Transcribed & marked up by Einde O’Callaghan for ETOL.
IN ASTURIAS, the Workers’ Alliances have been functioning for a year. Supplied from the arms smuggled in by the steamer Turquesa, all the workers’ organizations succeeded in arming themselves. Thence the splendid results obtained in the first forty-eight hours. In addition, there were no disagreements in the objectives pursued by the organizations, in view of the fact that there existed the Alliances, instruments of the insurrection in Asturias, which oriented, defined and led the movement. Later on, when the governmental repression will have ended, a clearer idea will be had of the role of the Alliances and the fate of each organization in it. Up to the moment that it finally entered them, the communist party in Asturias dragged along at the tail-end of the Alliances.
The prevailing impression among the enemy forces, and especially among the Fascists, was that if the insurgents had begun the armed struggle on the Friday night, the victory of the revolutionists would have been guaranteed. It was asserted that had there been three Asturiases in Spain, the triumph of the revolutionists would have been a crushing one.
On Friday night it would have been possible to get the forces of the army to rise, for the fate of the official power seemed to hang in the balance. On Saturday morning, however, it was already impossible because the suspected soldiers had been arrested and the spirit of the troops had completely changed.

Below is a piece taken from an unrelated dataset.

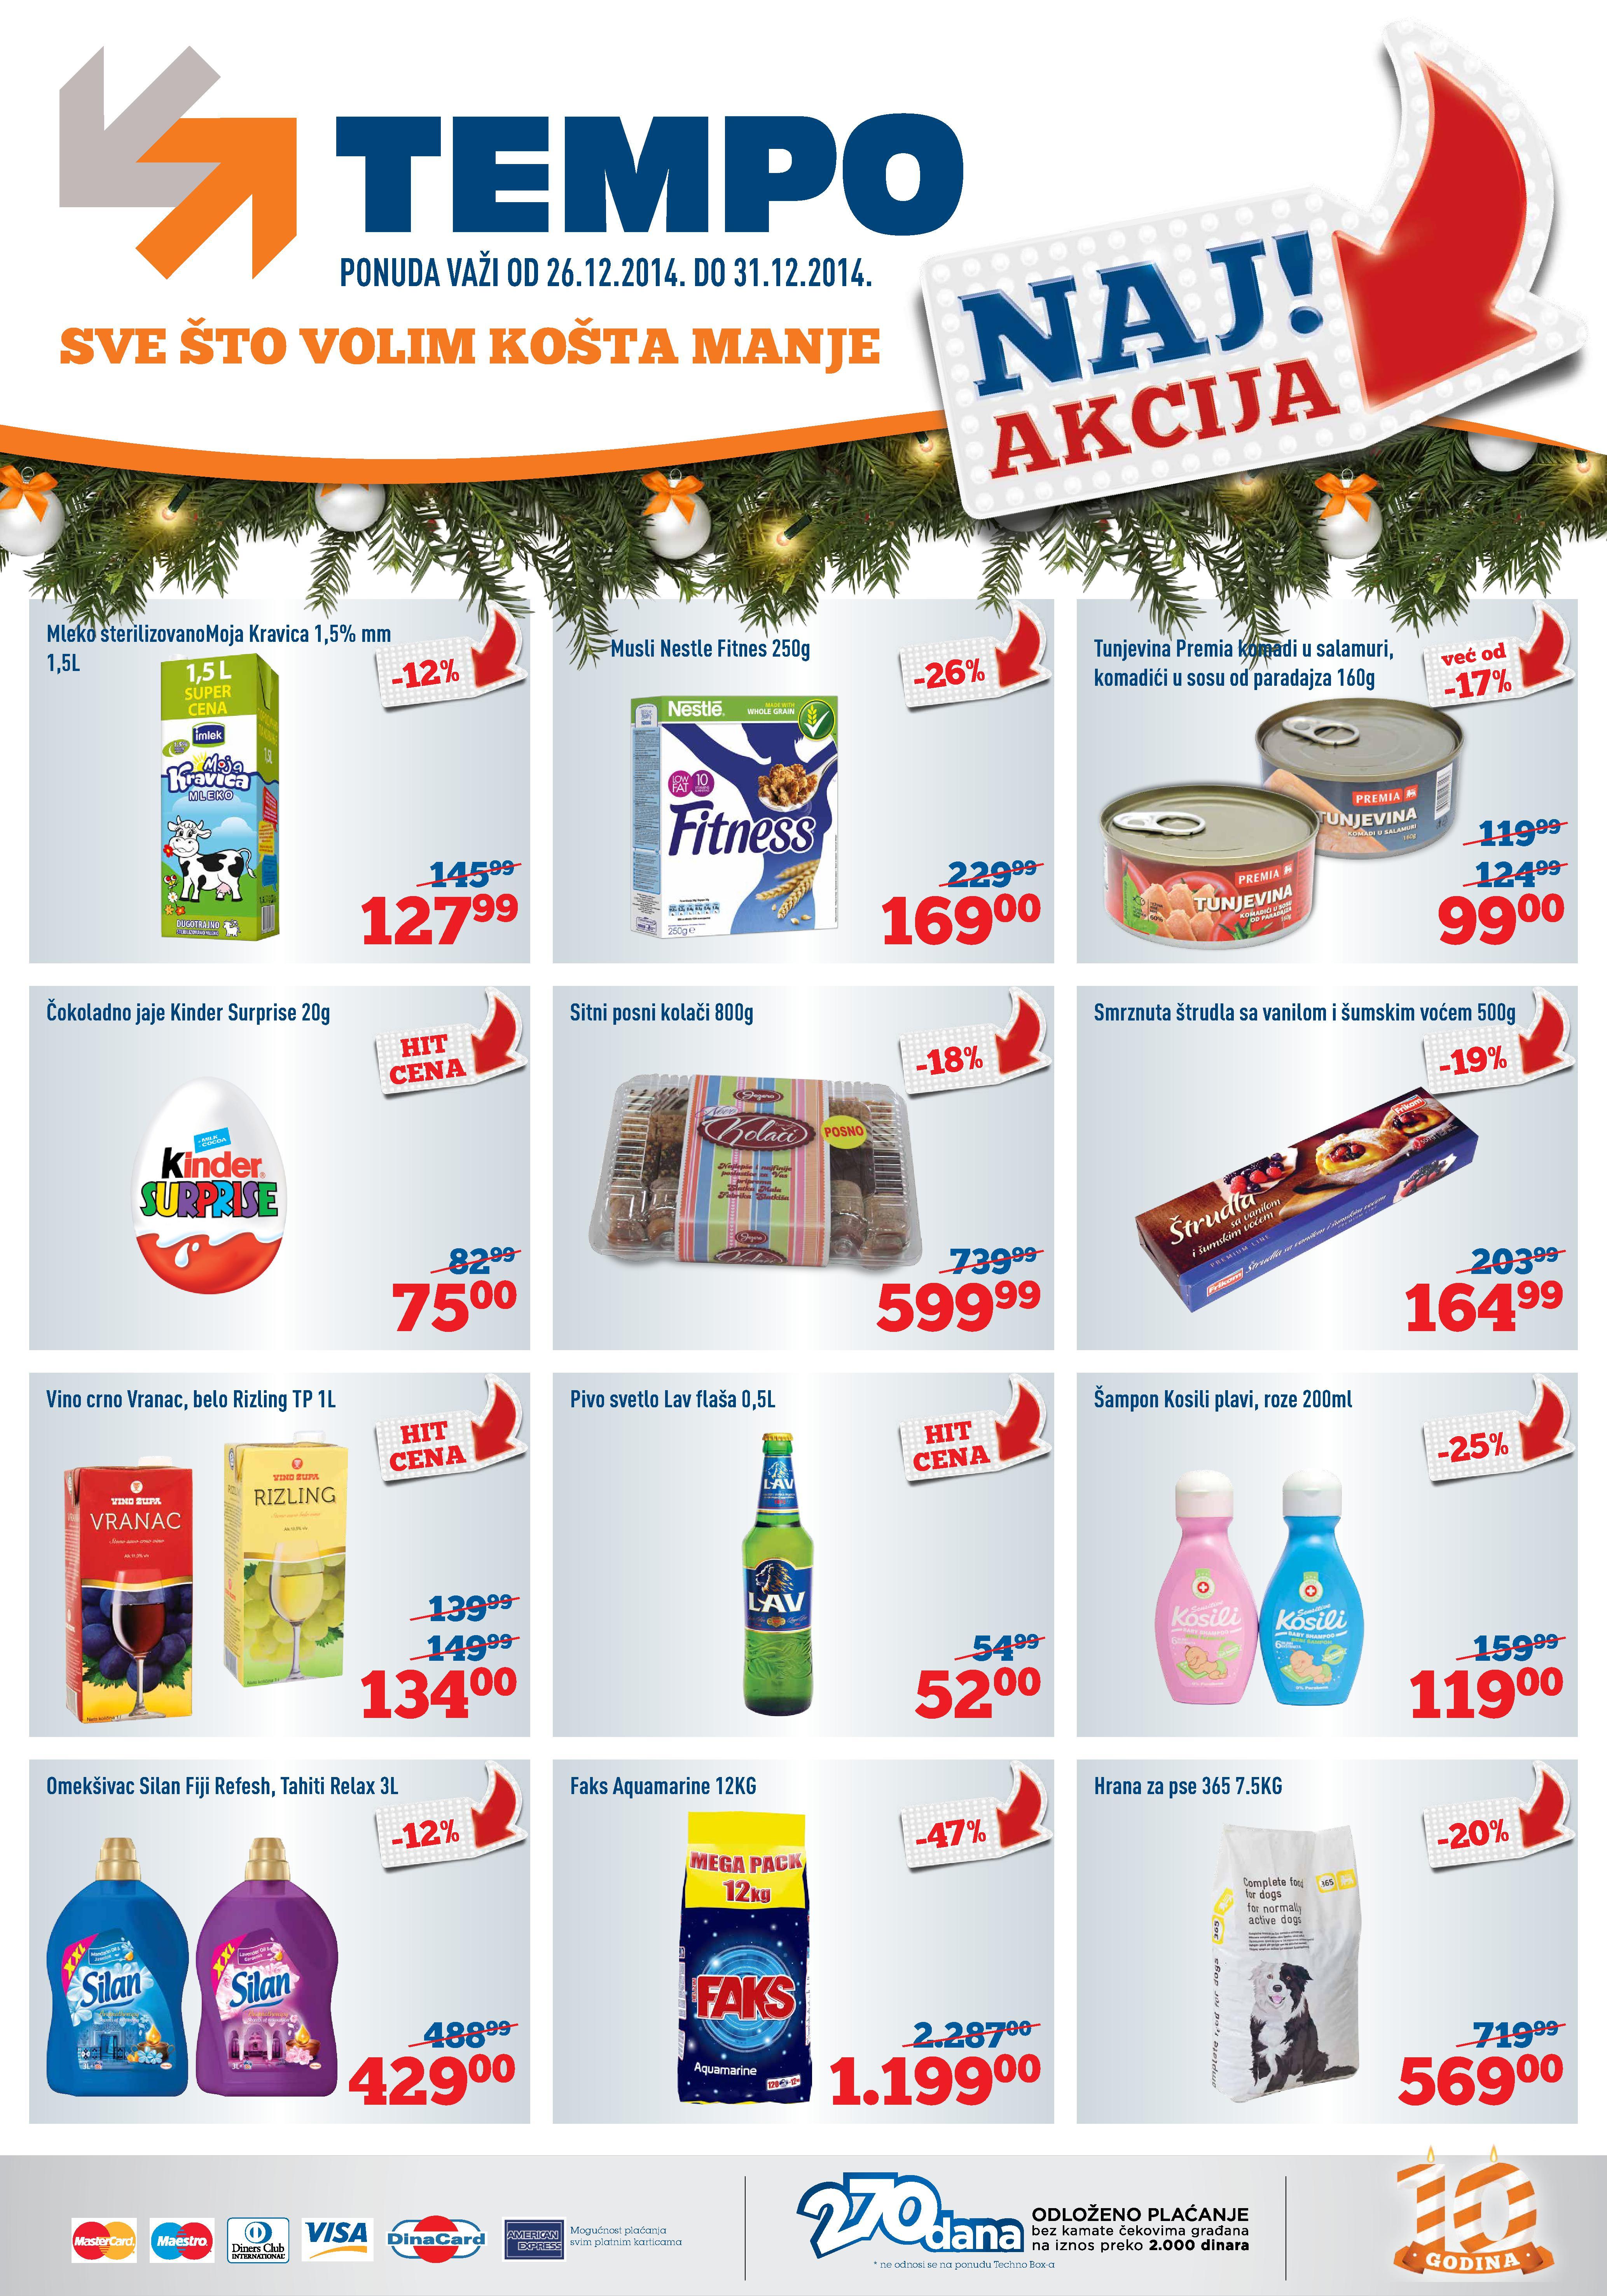 Tempo akcija novogodišnja nedelja super cena

It was shown that the transport strike is the backbone of the general strike. From the moment when the railroad workers’ union refused to paralyze railway traffic, the insurrection could have been considered as lost.
Arms existed in abundance, and an ample supply of bombs was stored in depots. As soon as the movement appeared to be heading towards a collapse, these depots were discovered by the police as if by magic.
With the exception of Asturias, the Spanish proletariat was lacking in the consciousness of the necessity of the conquest of power for the purpose of shattering every counter-revolutionary attempt and of beginning to build up a new order wherever the socialist party enjoyed the greatest influence, which was the case throughout Spain, save in Catalonia. The working class had not received the lessons that the revolutionary party of the proletariat is duty-bound to inculcate in the minds of the popular masses. The socialist party interpreted in a vague and diffused manner the desires and aspirations of the working class. The latter wanted to get out of its difficult position, and it had no other way out except the revolution. But it had not been told what this revolution consists of, what means must be employed in order to achieve it. A cheap literary campaign was made around the question of revolution: “Attention, comrades! This October will be our October!” Appeals were launched for the armed struggle without an appropriate organization for it, without having propagated the necessity of the insurrection. When one recalls the insistence with which Lenin proclaimed this necessity from the July days onward, he sees the error into which the October Spanish revolution fell.
* * * *
Saturday morning, at six, the Workers’ Alliance marched along Las Ramblas [main boulevard of Barcelona] in triple file. They gave the impression of a disciplined army, imposing by the very order in which they marched. Their number was about 4,000 ... They turned towards the Generality to ask to be armed in order to defend the Catalonian republic.
Deucas urged them to disperse in the same order because it was not necessary to arm and all the measures had already been taken.
The members of the Esquerra Catalan and the Estat Catalan had confidence in General Baret who was meanwhile taking all the necessary steps to break up the movement.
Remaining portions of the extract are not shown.